WHAT IS NEEDED
Below are records with pictures. Reproduce exactly the lines from the line with "Upper Story buildings" to the line with "Woman making Christmas wreath Stock Photo", inclusive, and leave each picture out.

DATA SUPPLIED
▬▬▬▬▬▬▬▬▬▬

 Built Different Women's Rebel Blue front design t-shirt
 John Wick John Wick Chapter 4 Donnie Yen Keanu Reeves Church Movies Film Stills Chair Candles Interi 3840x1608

▬▬▬▬▬▬▬▬▬▬

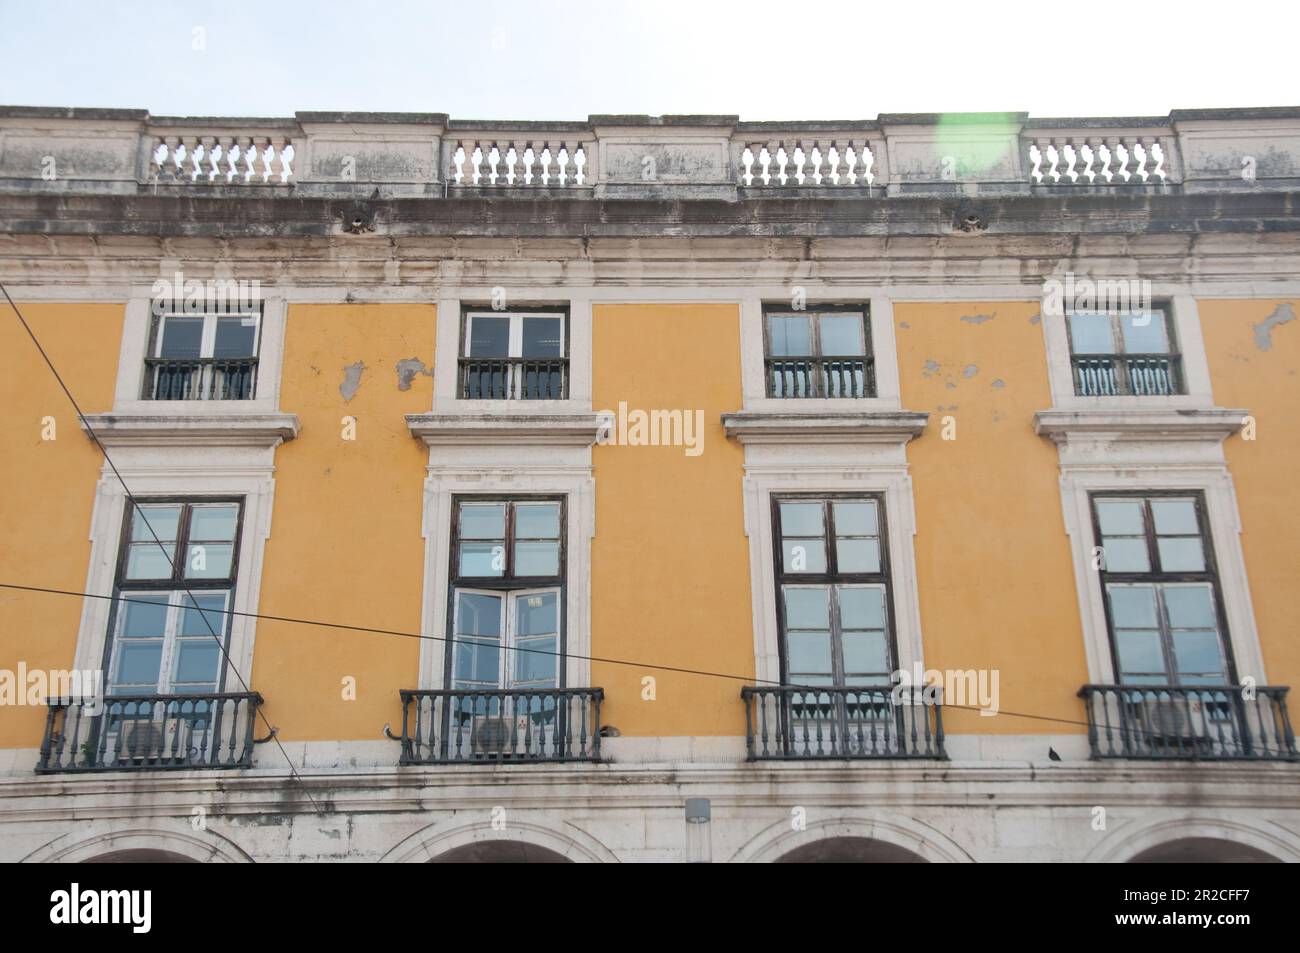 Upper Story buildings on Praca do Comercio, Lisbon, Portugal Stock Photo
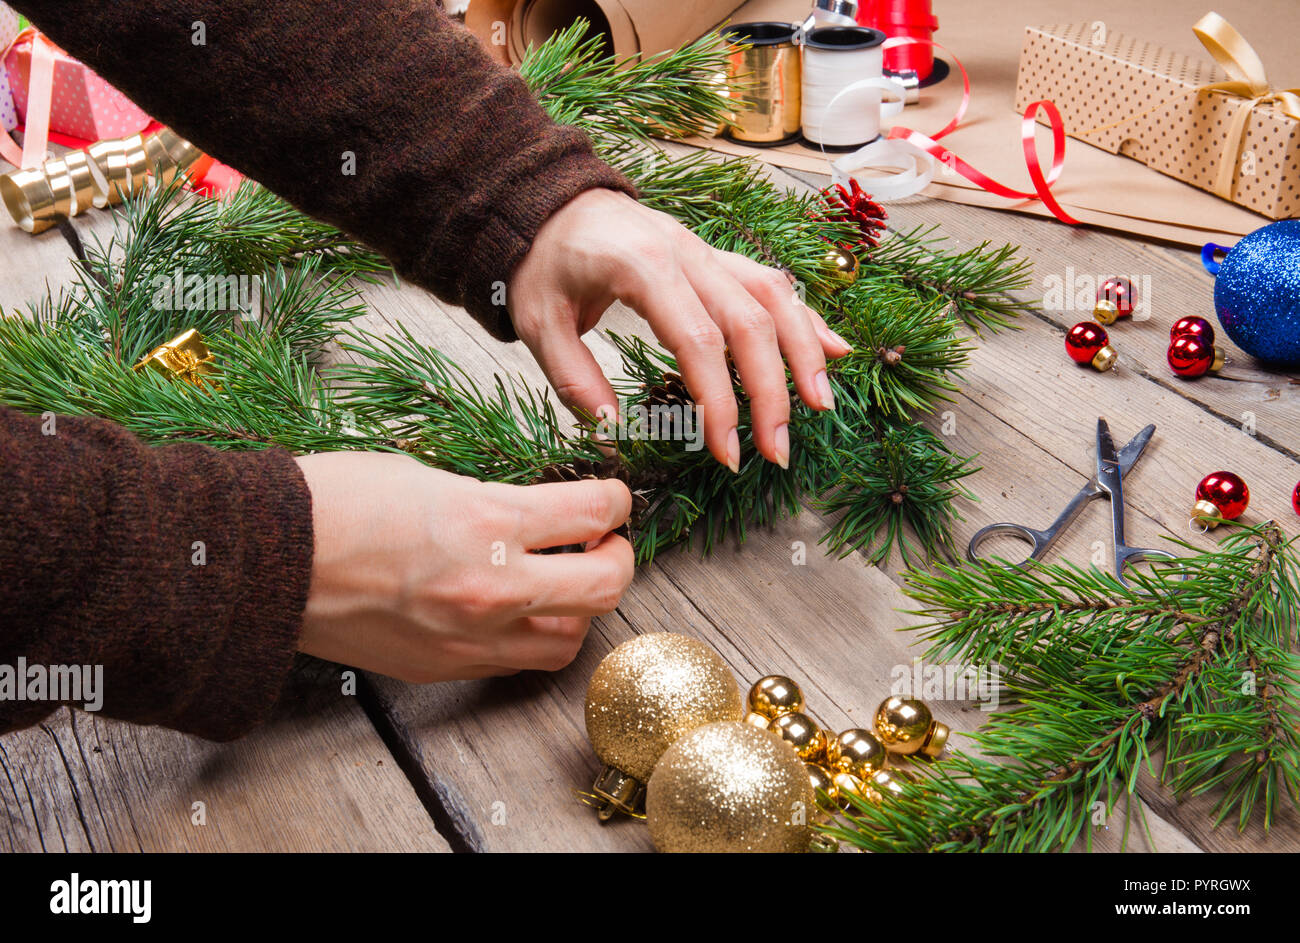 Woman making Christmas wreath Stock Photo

▬▬▬▬▬▬▬▬▬▬

FINISHED EXERCISE
 Upper Story buildings on Praca do Comercio, Lisbon, Portugal Stock Photo
 Woman making Christmas wreath Stock Photo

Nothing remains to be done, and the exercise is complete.